There was another reason, though. He obviously had been in some way party to Merlin’s and Martin’s activities here. He was therefore important as a potential source of information. So, on this occasion at least, sentiment and expediency would go hand in hand when we had our breakfast. Whatever was left of my mission, it was back on track, and I resolved to put off my questions for Merlin till then. We had already covered a fair amount of ground in what had been an interesting day, and a long one.
When we finished up, there was a final drink, along with a round of small talk. Flora surprised me by interrupting a discussion of the Thimble Islands to mention my walking the Pattern in Rebma, which had restored my memory. She then suggested this might serve as a remedy for whatever had been done to Merlin’s mind. Indeed. Another reason to follow up tomorrow’s breakfast with a very long trip through Shadow, as far as we could go.
All the way.
Merlin expressed concern for the shipping difficulties, pushing Flora for her thoughts on conducting actual shipping, using the nearest major wharf, back in New Haven. For whatever reason, Flora frowned on the idea. Probably worried this would draw genuine pirates into the Sound and within view of her idyllic retreat.

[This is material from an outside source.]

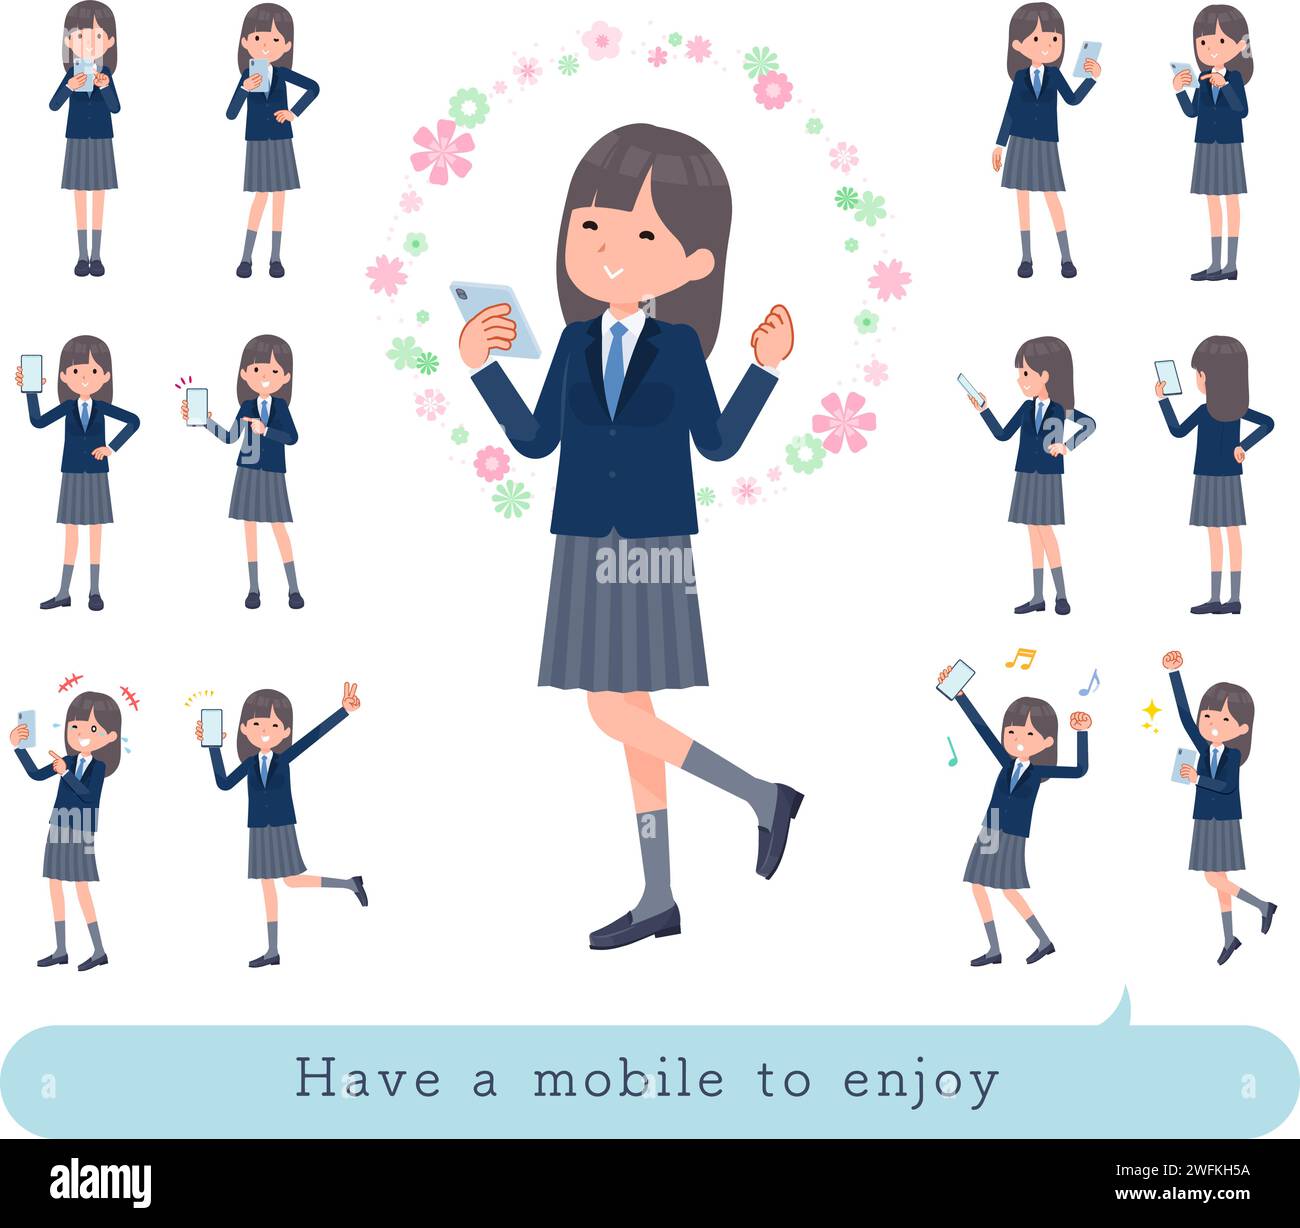 A set of navy blazer student women to enjoy using a smartphone.It's vector art so easy to edit. Stock Vector

Maio paid no attention to any of the talk of either Rebma or the New Haven wharf, using every opportunity to engage Anya in conversation.
Afterward, four tired persons found beds in Flora’s mansion, since three of them would be leaving for Manhattan before dawn. Anya wrote something down on a piece of paper for Maio before she left on her drive home.
Which is why I drifted off to sleep wistful, sad, yet also oddly pleased. The old character who had so much knowledge of living on the edge of things, of music, of harps, might be a little off-the-wall (though who was I to call a kettle black?), but he had something I had lost. He had a life.
One day soon, I would too. Perhaps it was that thought which sent me off into dreams and the dark, smiling and happy. More probably though, it was just the wine.